The only place in core we ever set a nonzero, finite max-age, as far as I know, is the time-based caching plugin for views, so the only affect this would have in core is those views actually being properly expired by page cache. But the benefit would be that any contrib or custom modules that either (knowingly or unknowingly) do not work with Page Cache or somehow have to employ hacks to set the response expiry manually will now work with Page Cache automatically (and without any hacks).
Would love to hear if people agree with the splitting up of this problem and if so, whether or not the first (nonzero) part should happen in this issue and the zero part be handled in a follow-up or if we should keep the zero part here and split out the nonzero part.
- 🇫🇷France GaëlG Lille, France
I do not have all the specific elements in mind, but generally, yes, I'm in favor of splitting this kind of big old issue in several smaller ones, so that they can be reviewed more easily.

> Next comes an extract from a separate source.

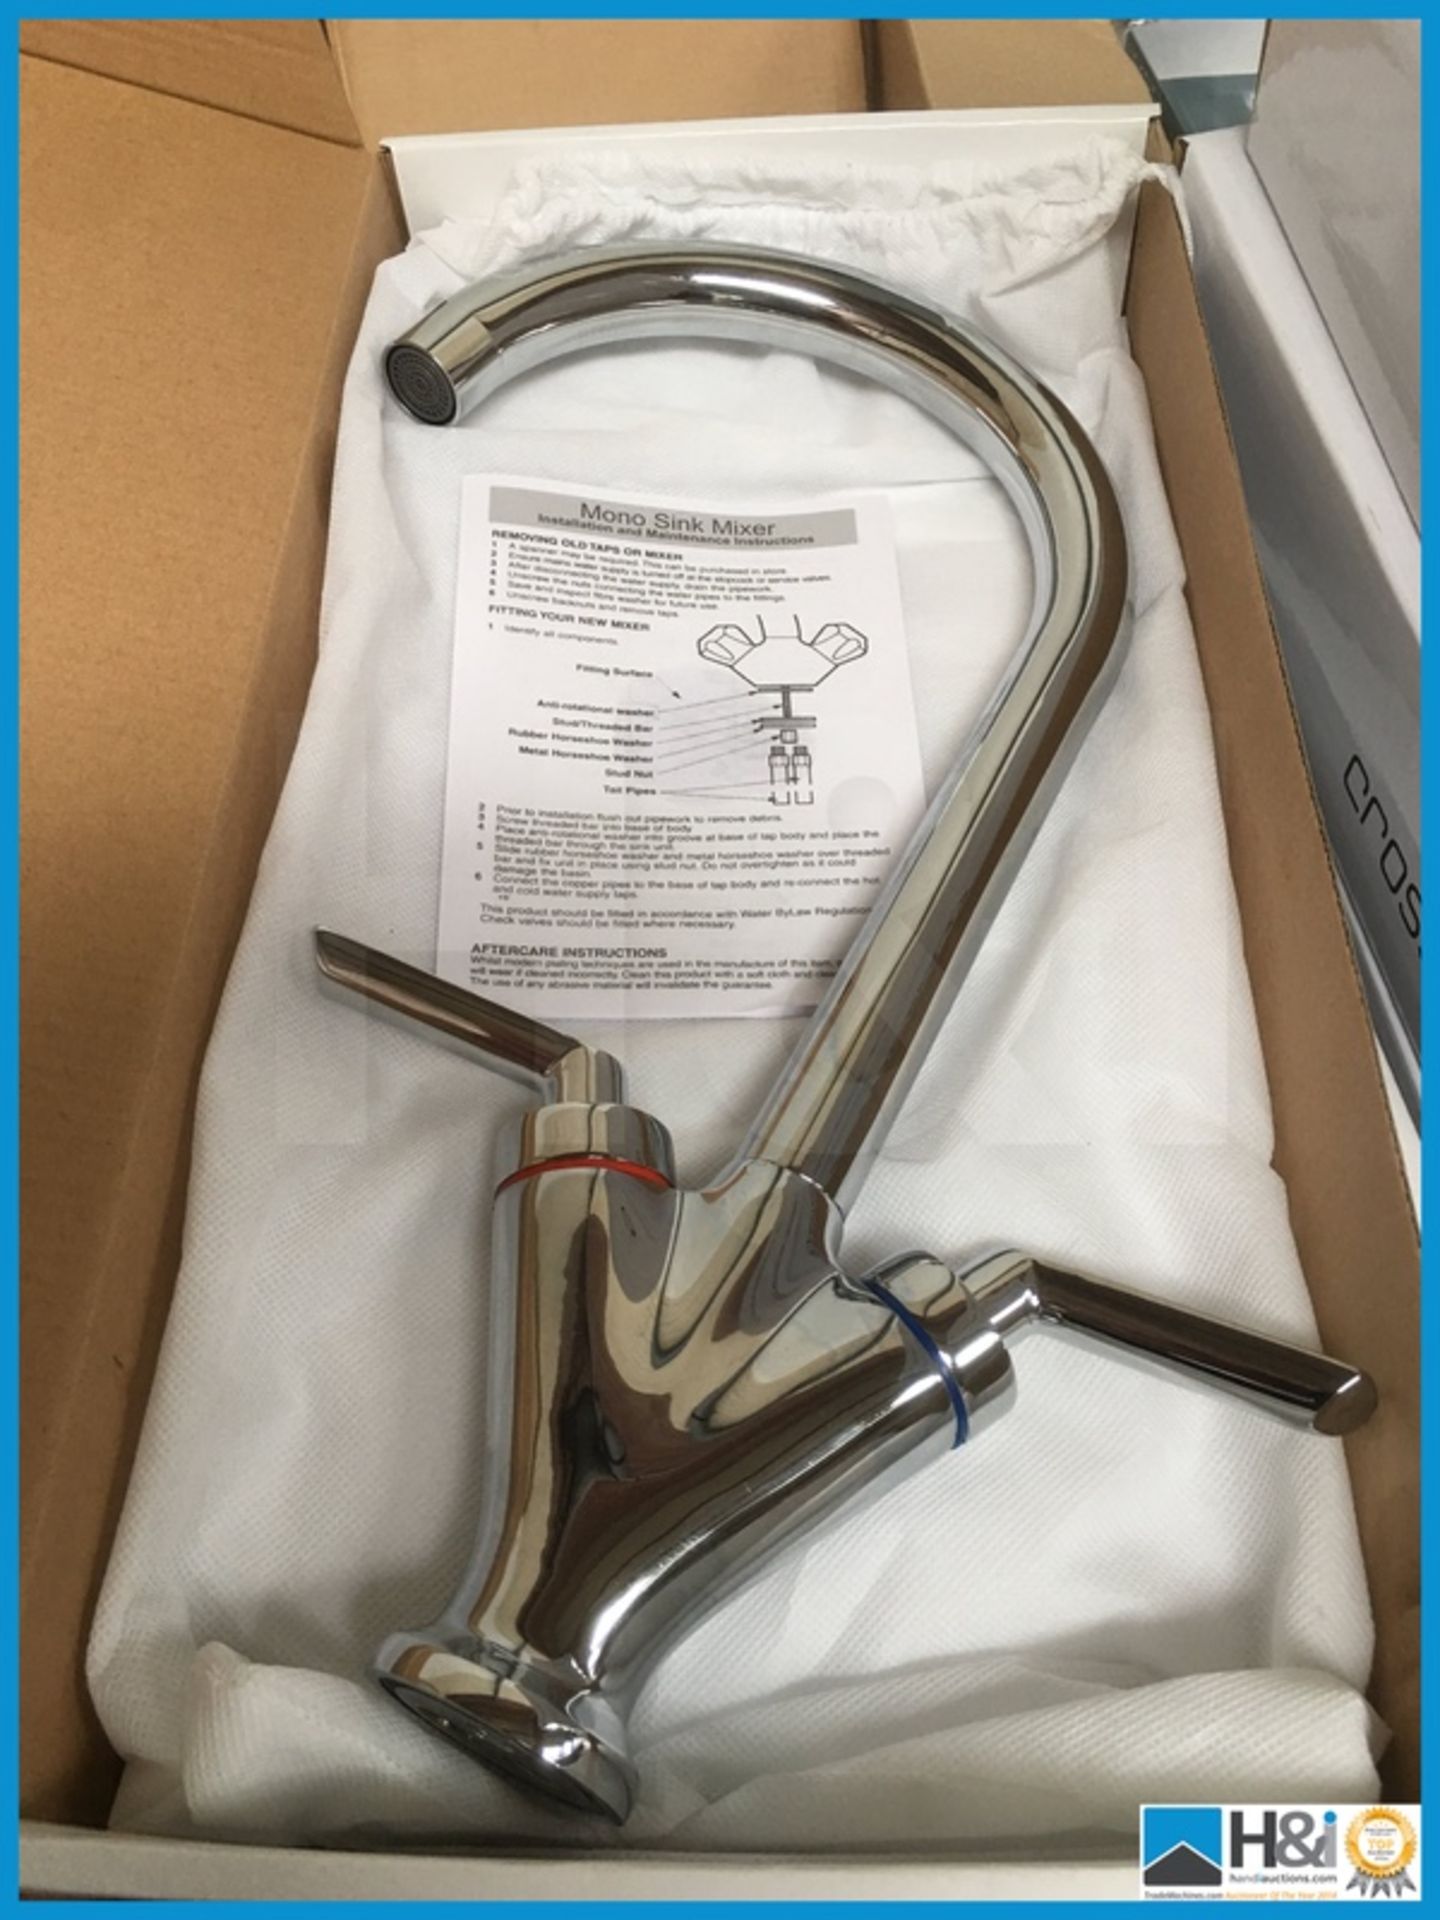 Beautiful TS77 designer polished chrome kitchen mono mixer. New and boxed. Suggested manufacturers

That's the kind of practice encouraged by core reviewers: https://www.youtube.com/watch?v=_uCfmFH4rUs
- 🇳🇱Netherlands bbrala Netherlands
I think 📌 Make language switcher block cacheable Postponed could be handled without evaluating the render cache i think. Hoepfully we can get some activity there.
For this issue, we should try and keep the blockers as small as possible, seems it is a pretty short list.
- 🇳🇱Netherlands timohuisman Leiden, Netherlands
This patch contains a snapshot of the current state of the MR so it can be safely used with composer-patches.